Periodically, each node sends its current aggregation value to another node chosen uniformly at random – push, and waits for the response with the value from the target node – pull – to further apply the aggregation function, obtaining a new estimate of the aggregate. Each time a node receives a push message, it sends back its current value, and only then computes the new aggregate, averaging the received and sent value. At the end of a push-pull operation, both involved nodes will yield the same result.

In [5] the authors do not address mass conservation issues (like the impact of link/node failures), focusing on the efficient implementation of a pair selection method, and considering the extension of the algorithm with a restarting mechanism (executing the protocol during a predefined number of cycles, depending on the desired accuracy) in order to be adaptive and handle network changes (nodes joining/leaving). The subsequent study in [2] proposed a solution for the gossip-based aggregation directed to its practical applicability, considering some modifications to cover some practical issues, like: using timeouts to detect possible faults, ignoring the data exchanges in those situations; executing several instances of the algorithm in parallel to reduce the effect of message loss; making use of a restart mechanism to cope with node crashes.

We should point out that along the discussion carried out by the authors, they intrinsically assume that the core of the push-pull process is atomic, also referred as “the variance reduction step” ( $w_{i}=w_{j}=(w_{i}+w_{j})/2$ ). In practice, additional modifications must be considered to guarantee the atomicity of push-pull. Like common aggregation algorithms by averaging, the correctness of PPG depends from the maintenance of the mass conservation property. Due to its core resemblance with PSP, one could expect to find similar practical issues when prospecting its use in real application scenarios. However, the push-pull process will introduce additional atomicity constraints, that will restrain the use of this algorithm even under a synchronous operation mode.

Refer to caption — Figure 1: Violation of the mass conservation invariant in the Push-Pull Gossip protocol, due to message interleaving (approximation values at the end of each round).

3.2.1 Synchronous model

Even in synchronous settings (lock-step execution), the message delivery order may affect the convergence to the true result of PPG. It is fundamental to guarantee the atomicity of the push-pull process in those settings, in order to conserve the mass of the system. If a node starts a push-pull and receives a push message from a third-party node in the middle of the process (after sending the push and before receiving the pull message), then it will first update its approximation value according to the third-party data, before receiving the pull message, and use the result to update its value again with the pull data. This occurrence will introduce an asymmetry in the results produced from the push-pull (different values may be computed by each element), which will incur in a violation of the mass conservation, depending on the involved values (greater as greater is the discrepancy between them). Thus, the correctness of the algorithm is affected by message interleaving, as depicted in Figure 1. We will detail this issue in Section 4, proposing some modifications to the algorithm to guarantee the push-pull atomicity.

3.2.2 Asynchronous model

The interleaving problem of PPG will also be found in asynchronous settings. Moreover, message delays will increase the possibility to interfere in an ongoing push-pull operation, and consequently break the mass invariant as previously described.

3.2.3 Message Loss

In practice, considering the independent failure of a push and pull message, the loss of each one of those messages will yield different effects on the PPG protocol: if the push message is lost, then no node will update its state (the source will timeout and the target will not receive the message) and the mass of the system will be conserved, only slowing down the algorithm convergence; On the other hand, if the pull message is lost (meaning that the push message was successfully received), then only the target node of the exchange process will update its value and the source will timeout waiting for a response, creating an undesirable asymmetry in the process and a consequent violation of the mass conservation invariant.

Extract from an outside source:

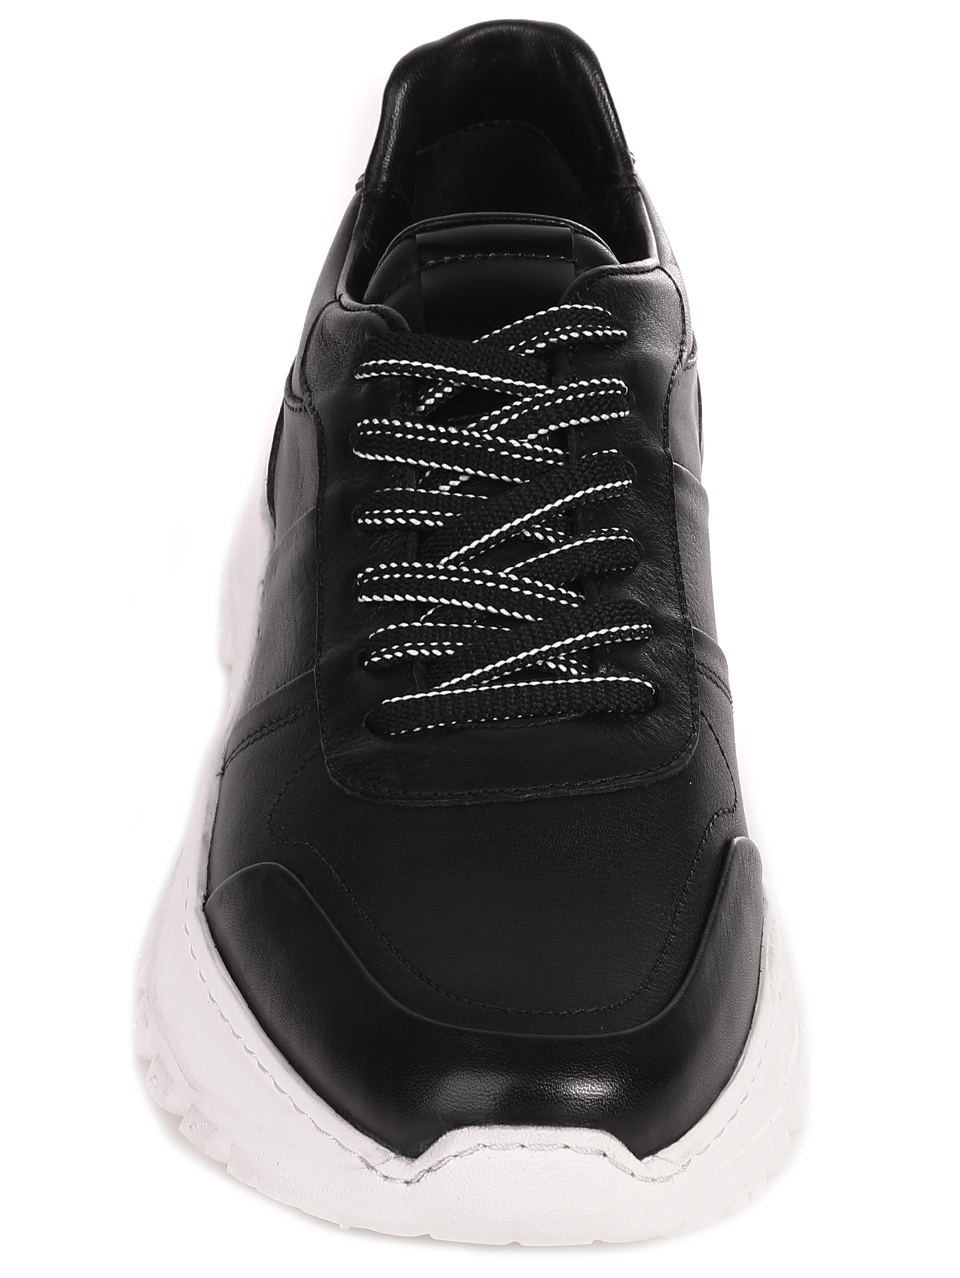 Ежедневни мъжки обувки от естествена кожа 152-19202 S-2 black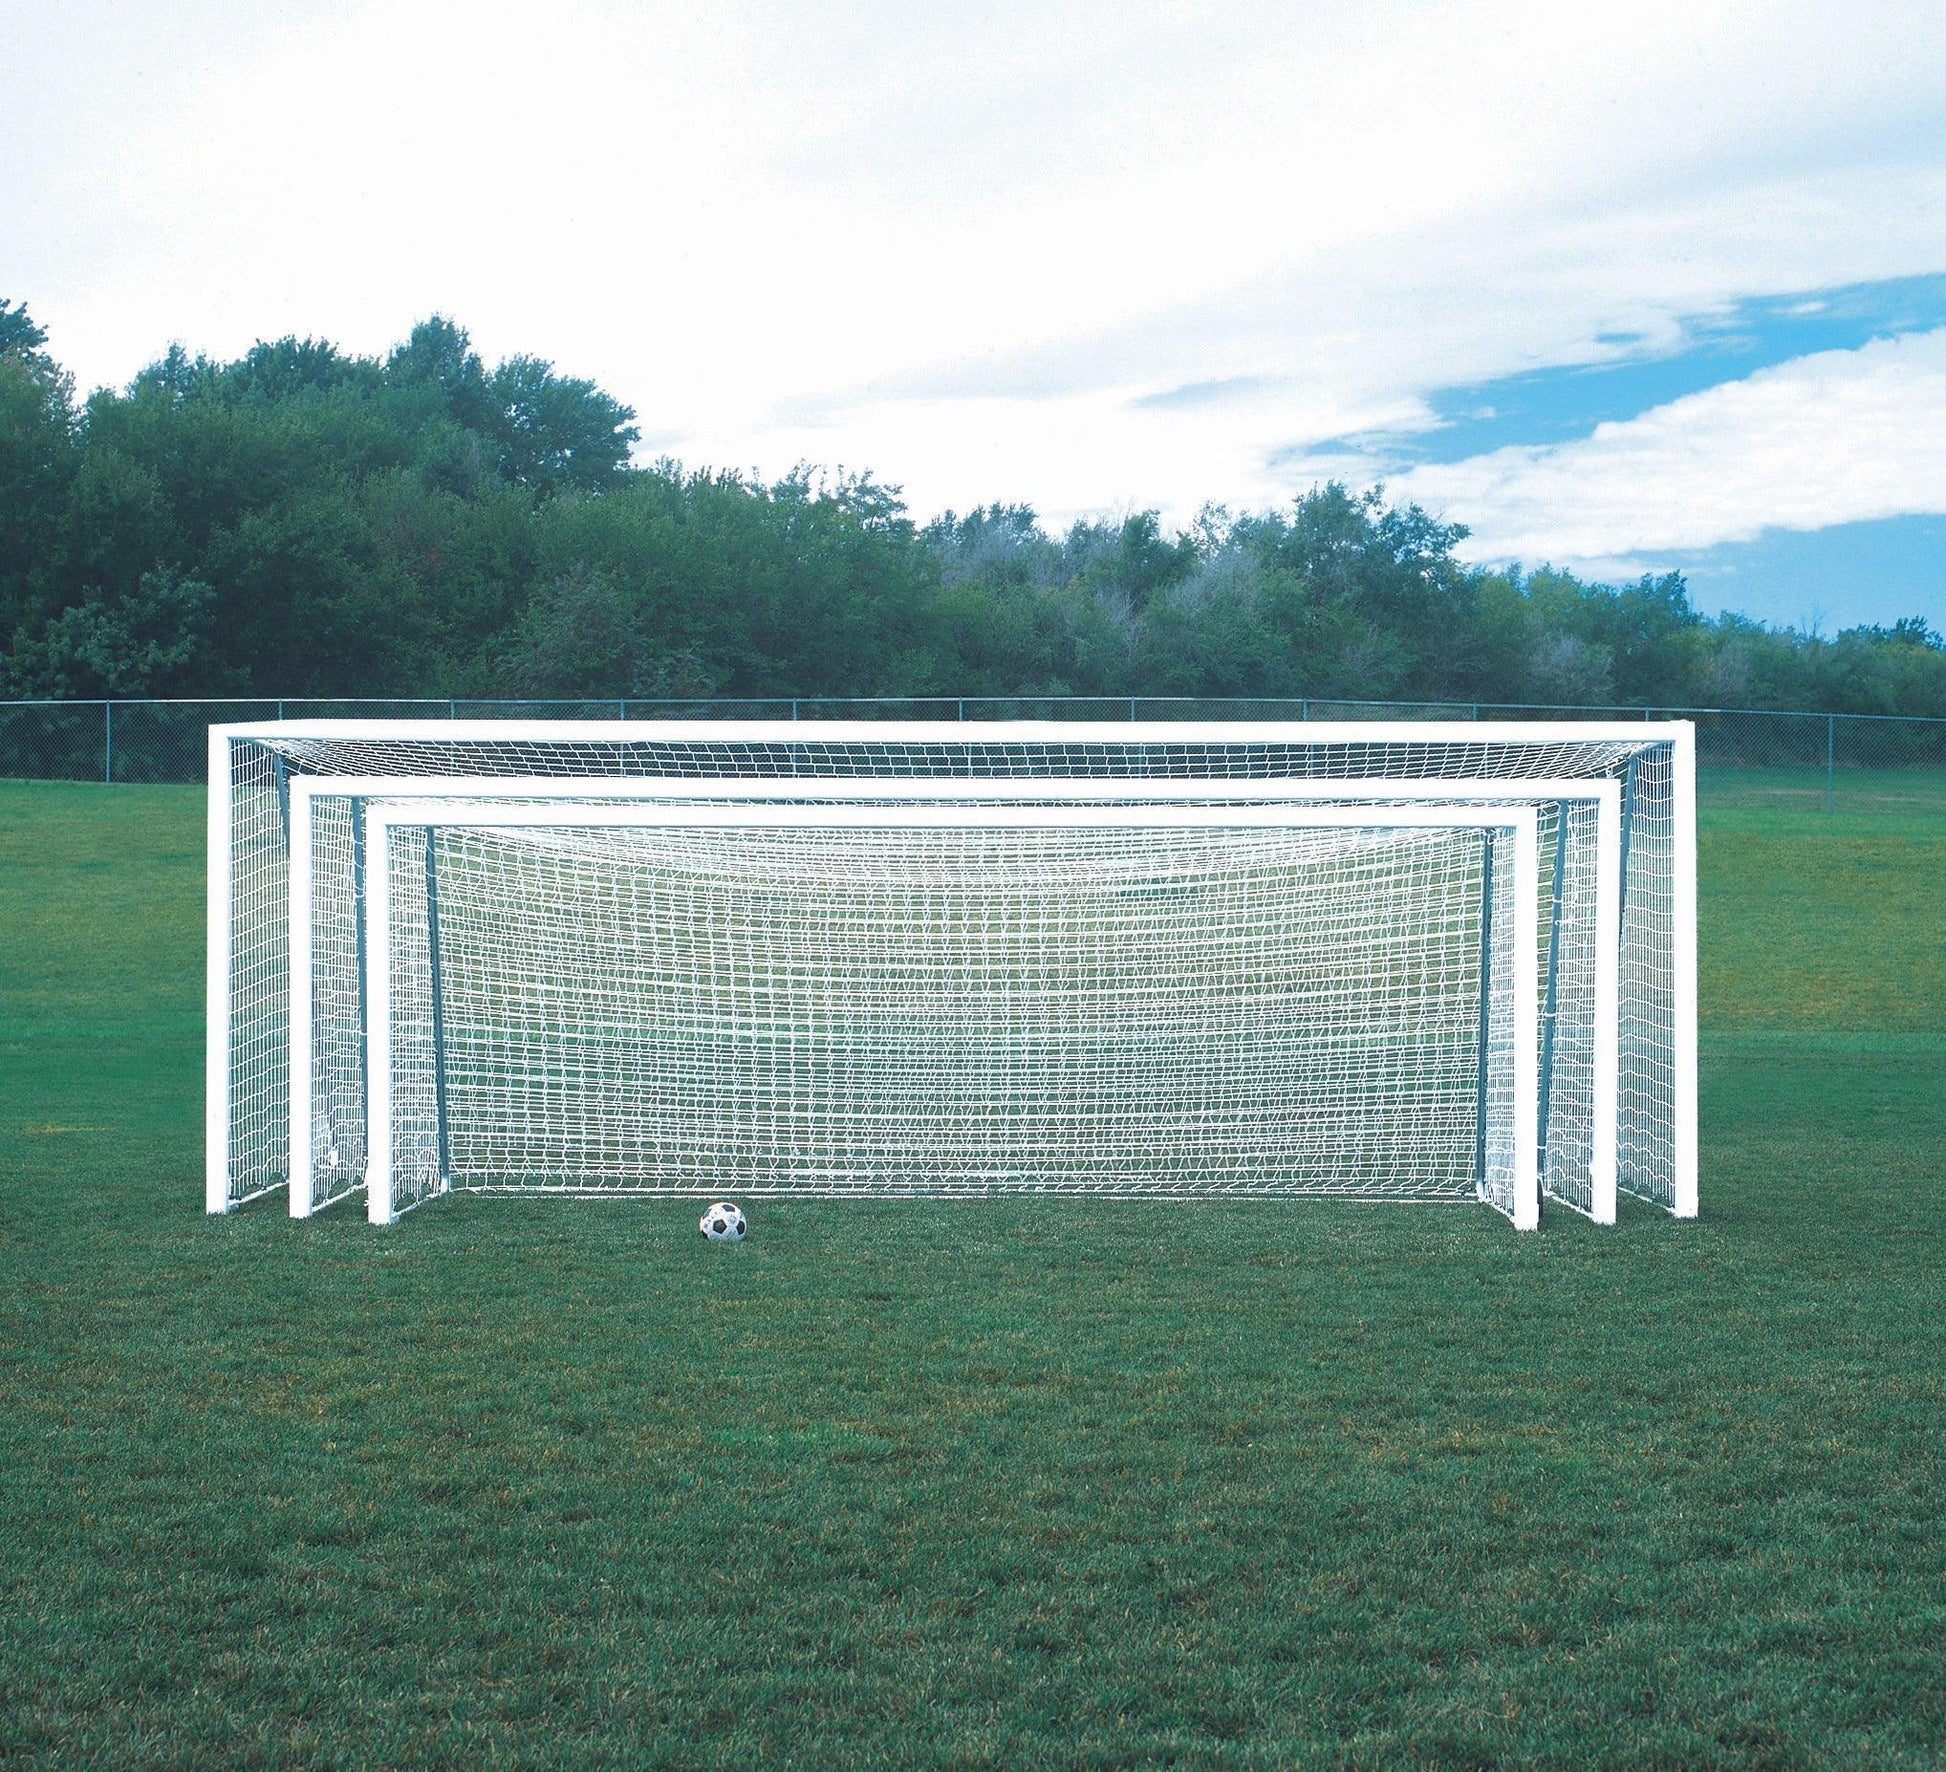 4" Round No-Tip Soccer Goal Packages - bisoninc

The authors do not make any assumption regarding the detection of message loss, neither concerning the restoration of the system mass. Instead of that, they consider the concurrent execution of multiple instances of the algorithm, discarding the lower and higher estimates and reporting the average of the remaining executions as the result. This solution does not solve the mass conservation issue due to message loss, and only reduces its impact in the quality of the produced estimate. Further considerations must be made to ensure the algorithm’s correctness in this settings.

3.2.4 Node Crash

The removal of nodes from the system originates a violation of the mass conservation property. In this case, the authors did not show any concern about recovering the mass changes provoked by unpredictable node crashes (not distinguishing crashes from nodes voluntarily leaving the network), but recognize the derivation of a subsequent estimation error. In particular, they specifically characterize the error of the average estimation as a function of the constant proportion of nodes failing (at each cycle), considering that nodes crash before each cycle, and intrinsically assuming (once more) that each variance reduction step is atomic (which is unreasonable in practice).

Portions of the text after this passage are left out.